# Word2Vec Embeddings

In [1]:
import pandas as pd

from gensim.models import Word2Vec
from nltk.tokenize import RegexpTokenizer
from nltk.corpus import stopwords

Loading the data for which we will train word embeddings

The full training file is too large to push to GitHub, and I have been having trouble with using Git LFS for a number of reasons, so only a sample of the training set is on the GitHub repository. A Google Drive link is located in the Datasets folder under the name 'training_datasets_access', which contains a link to access the full training set and a folder containing the trained Word2Vec embeddings used in the machine learning models.

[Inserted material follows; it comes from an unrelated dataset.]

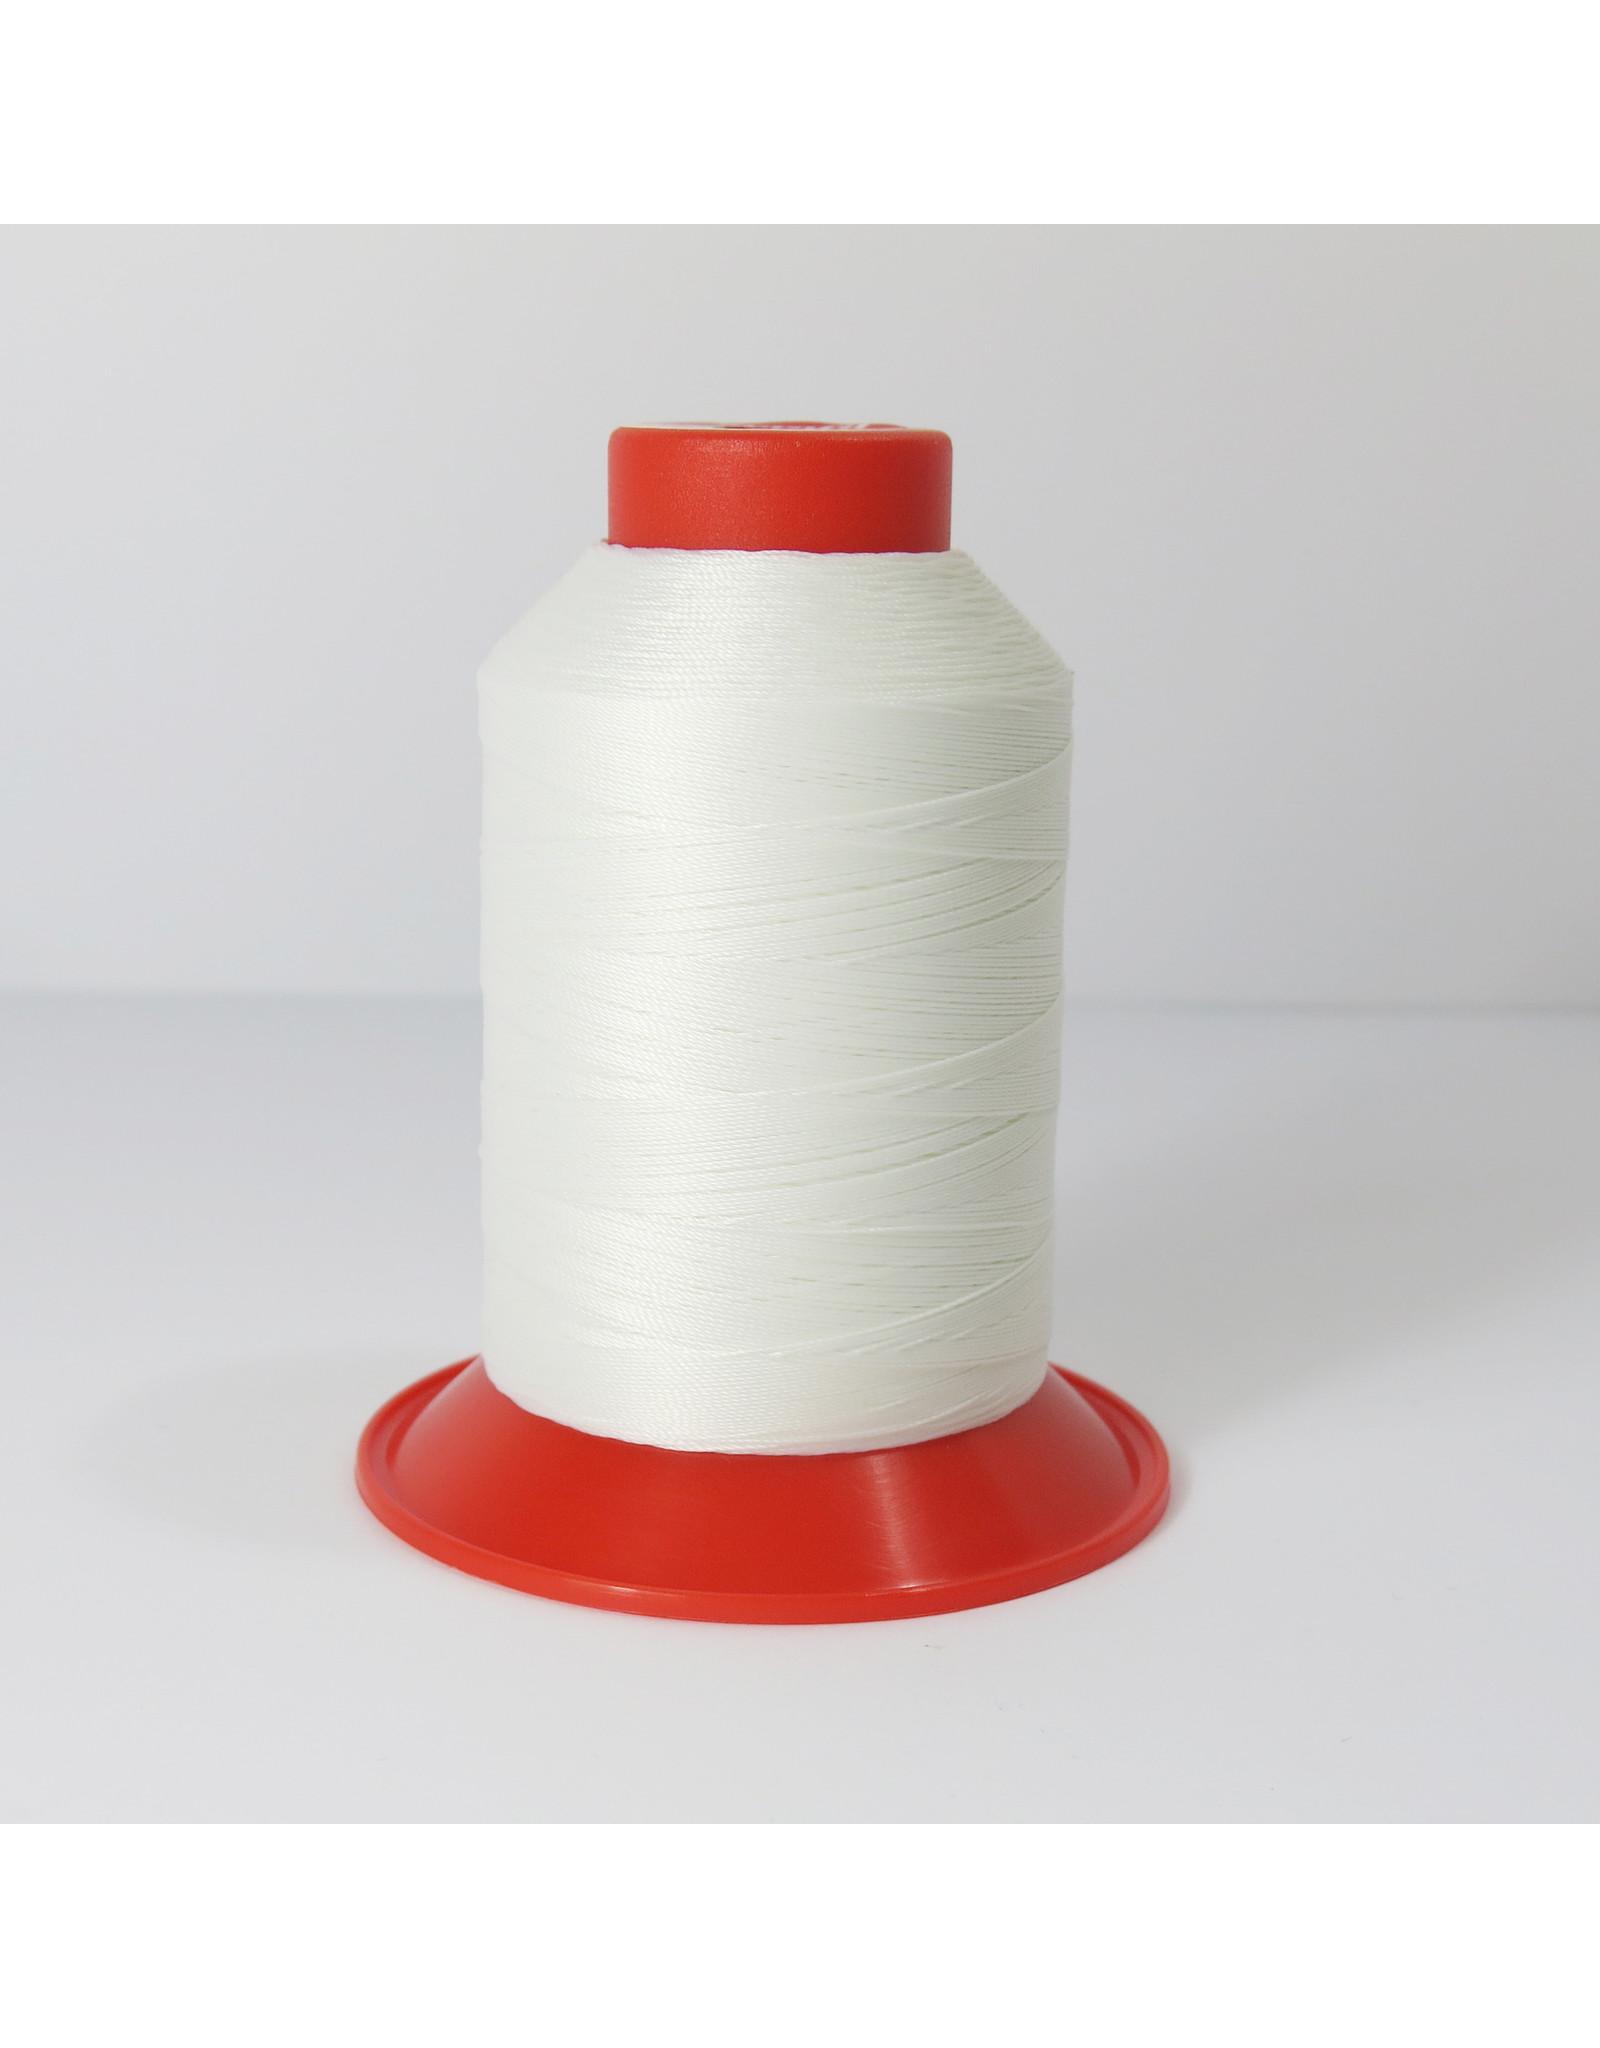 Serafil machine sewing threads 2000

For the purpose of this demonstration, we will be training Word2Vec embeddings using a sample of the training tweets (the resulting Word2Vec embeddings from this dataset aren't as accurate as the word embeddings trained on the entire training dataset)

In [37]:
col_list = ['SpellCheckTweets']
data = pd.DataFrame()
data = pd.read_csv('Datasets/train_tweets_clean.csv', encoding = 'utf-8', usecols=col_list, dtype = str)
data['SpellCheckTweets'] = data['SpellCheckTweets'].apply(str)
data.head()

In [26]:
#create empty list
tweet_data_list = []

indv_lines = data['SpellCheckTweets'].values.tolist()
for line in indv_lines:
    
    #create word tokens
    rem_tok_punc = RegexpTokenizer(r'\w+')
    tokens = rem_tok_punc.tokenize(line)
    
    #append words in the tweet_data_list list
    tweet_data_list.append(tokens)

In [27]:
print(len(tweet_data_list))

199998


Training the Word2Vec model

In [28]:
# Dimension of the word embedding
embed_dim = 100

# Train Word2Vec model
model = Word2Vec(sentences = tweet_data_list, size = embed_dim, workers = 4, min_count = 1)

In [29]:
#Save word embedding model to txt file
model_file = 'Datasets/Word2Vec_embedding.txt'
model.wv.save_word2vec_format(model_file, binary=False)

# Saving the Word2Vec file
model.save("Datasets/Word2Vec.model")

In order to save time, you can load Word2Vec model directly, that was trained in the above 2 cells, by running the following cell instead:

Here, we will be loading the Word2Vec embeddings that were trained on the entire training dataset. To access this Word2Vec model, follow the Google Drive link located in 'Datasets\training_datasets_access', and click on the 'Embeddings' folder on the Drive, and download the following:

Word2Vec.model

Word2Vec.model.trainables.syn1neg.npy

Word2Vec.model.wv.vectors.npy

In [38]:
Word2Vec_model = 'Word2Vec.model'

# Load trained Word2Vec model
model = Word2Vec.load(Word2Vec_model)

## Exploring the vectors in the Word2Vec embeddings

In [39]:
# Finding similar words
model.wv.most_similar('sad')

[('upset', 0.7530679106712341),
 ('depressed', 0.7351791262626648),
 ('heartbreaking', 0.6865273714065552),
 ('disappointed', 0.6809518337249756),
 ('depressing', 0.6282151341438293),
 ('emotional', 0.6175241470336914),
 ('angry', 0.5949232578277588),
 ('bad', 0.592631995677948),
 ('cry', 0.586841344833374),
 ('mad', 0.5740446448326111)]

In [40]:
#Performing some mathematics on word vectors queen + man - woman = ?
model.wv.most_similar_cosmul(positive=['queen','man'], negative=['woman'])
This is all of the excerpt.